I was dismayed when I saw the implementation of reset_meme_status because I found in that procedure a cursor FOR loop that contained two non-query DML statements (. That is a classic "anti-pattern", meaning a general pattern of coding that should be avoided.

It should be avoided because the inserts and updates are changing the tables on a row-by-row basis, which maximizes the number of context switches and consequently greatly slows the performance of the code. Fortunately, this classic anti-pattern has a classic, well-defined solution: use BULK COLLECT and FORALL to switch from row-by-row processing to bulk processing.

Before moving on to explaining why it is also my delight, let's take a closer look at the anti-pattern. I am suggesting to you that you have a problem whenever you see code like this:

BEGIN
   FOR my_record IN (SELECT ...)
   LOOP
      INSERT ....
         and/or
      UPDATE ...
         and/or
      DELETE ...
   END LOOP;
END; 
 
Or like this:

BEGIN
   FOR my_index IN low_value .. high_value
   LOOP
      INSERT ....
         and/or
      UPDATE ...
         and/or
      DELETE ...
   END LOOP;
END; 

Furthermore, those SQL statements could be static (fixed at compile time, also referred to as embedded SQL) or dynamic (finalized at run time).

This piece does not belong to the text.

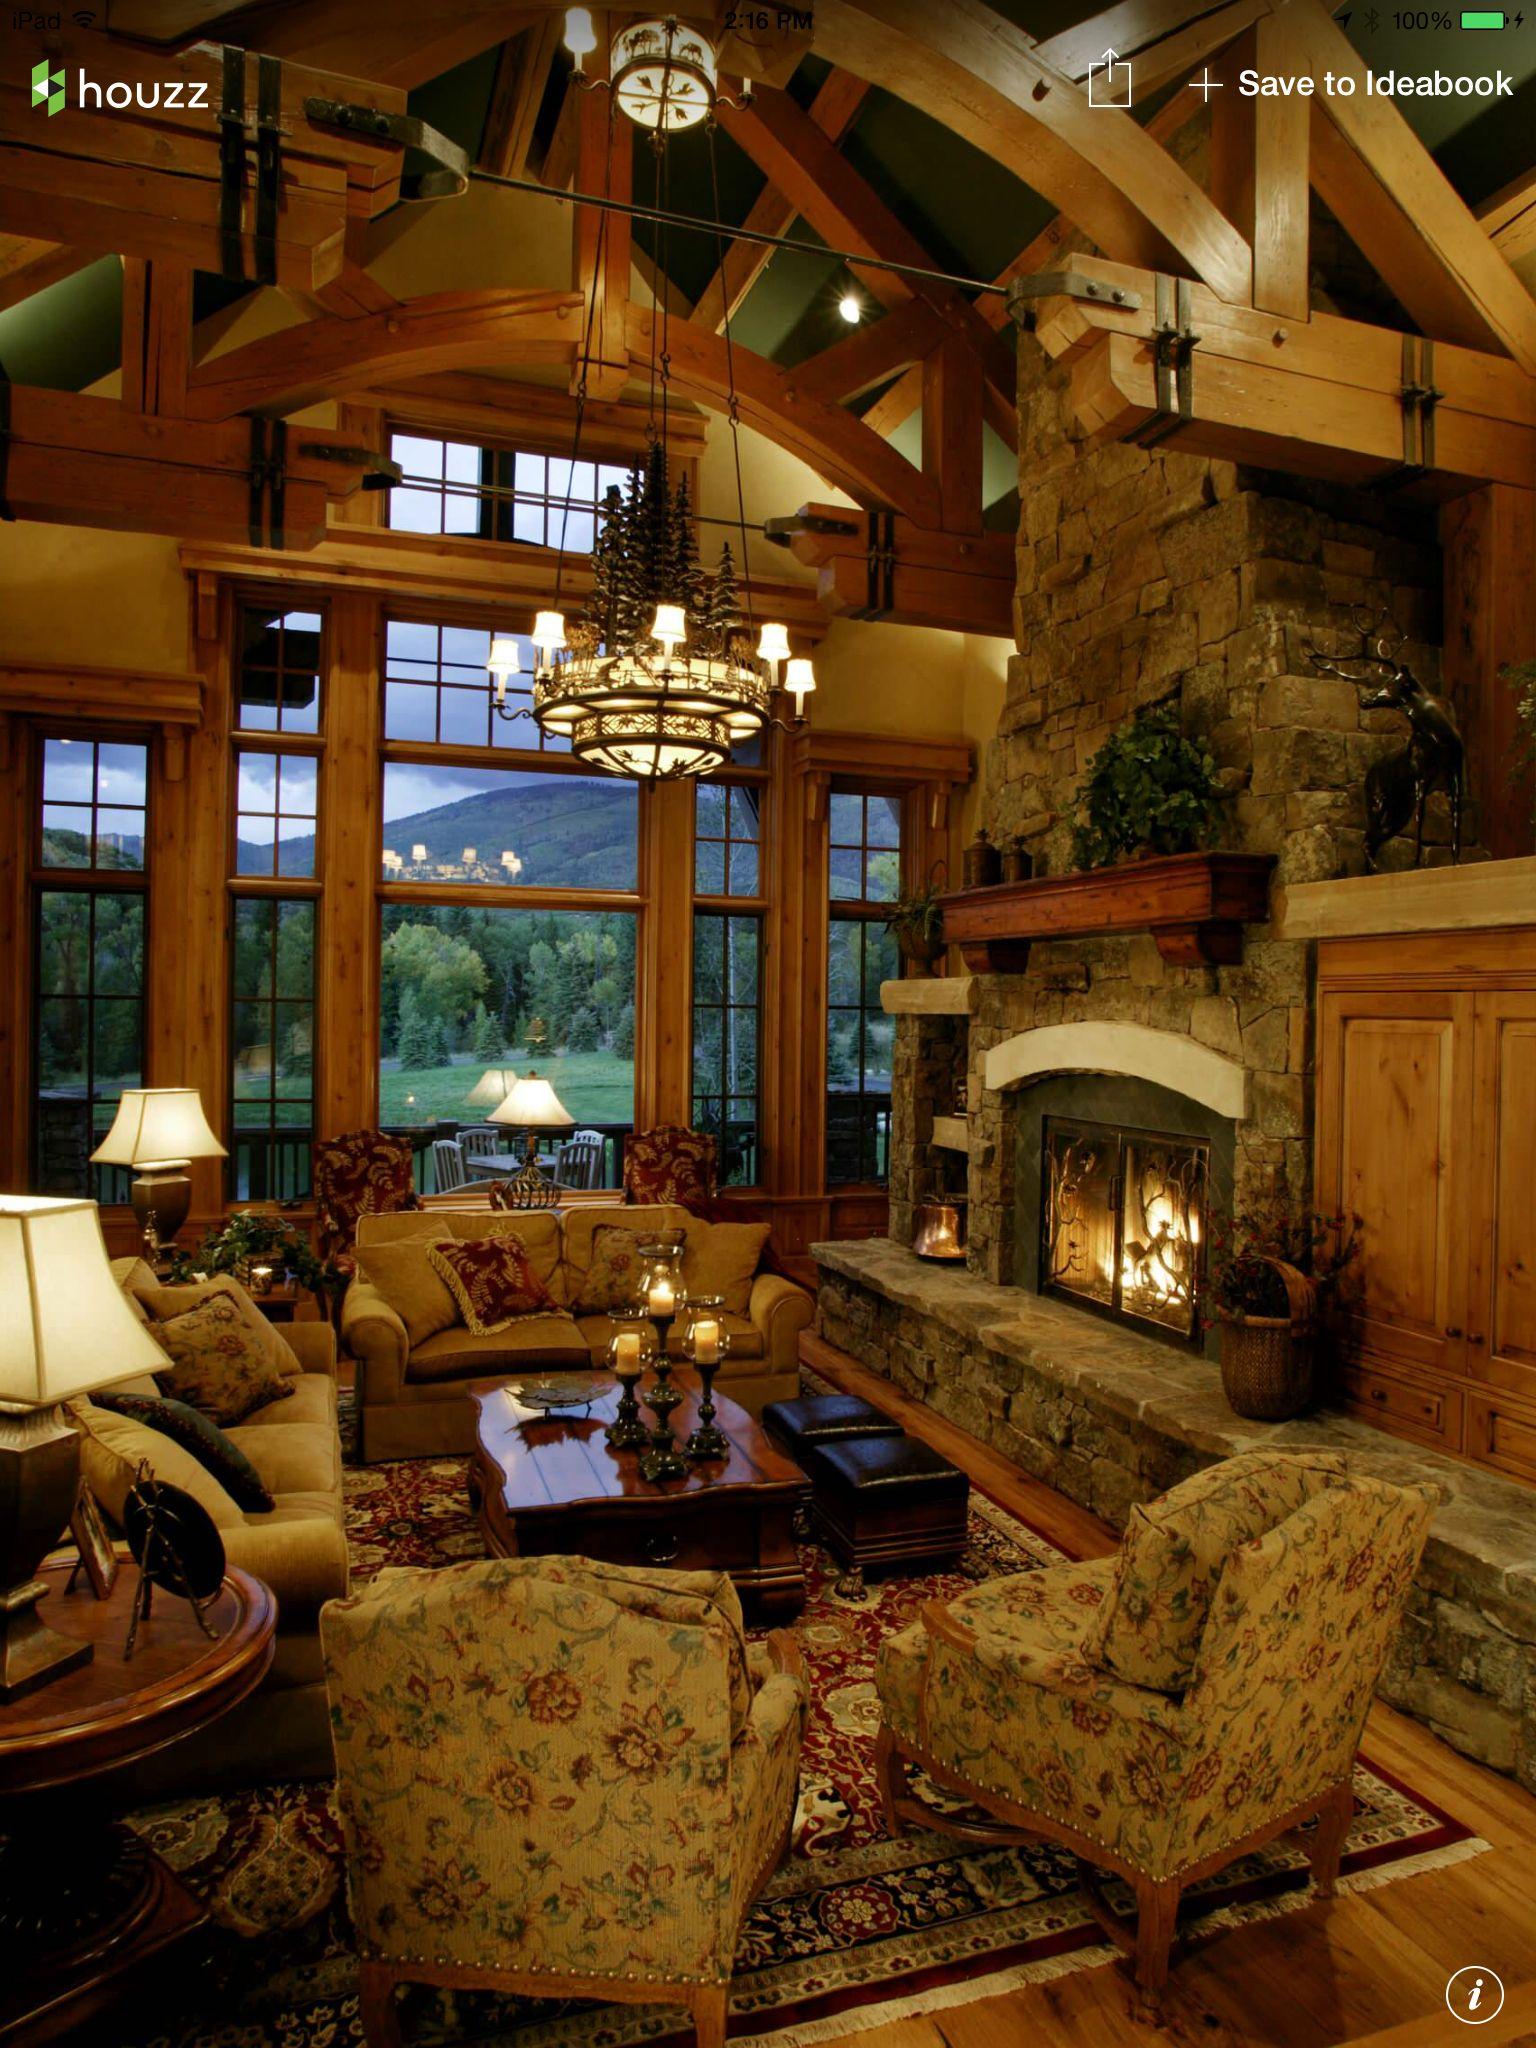 Houzz Cottage Living Room: Cabin Living Like A Boss #houzz

You might be wondering: why should this code cause a problem? Why should it run the SQL slowly? PL/SQL is supposed to be tightly integrated with SQL. Shouldn't Oracle be able to optimize this sort of code to run blazingly fast?

Well, let's give Oracle its due: it does optimize this code to run blazingly fast. The Oracle Database, SQL and PL/SQL are all very efficient. But however hot the fire, it can always get hotter right? So Oracle has built features into PL/SQL to make your code run even faster (hey, I would have said that even before I rejoined Oracle!).

The fundamental cause for the relative slowness of row-by-row-processing is that SQL statements are executed by a different runtime engine from PL/SQL statements. So Oracle must "switch" between them; these are called context switches and Oracle has paid lots of attention over the years to reduce the cost of a single context switch. That's good, because we are switching back and forth all the time.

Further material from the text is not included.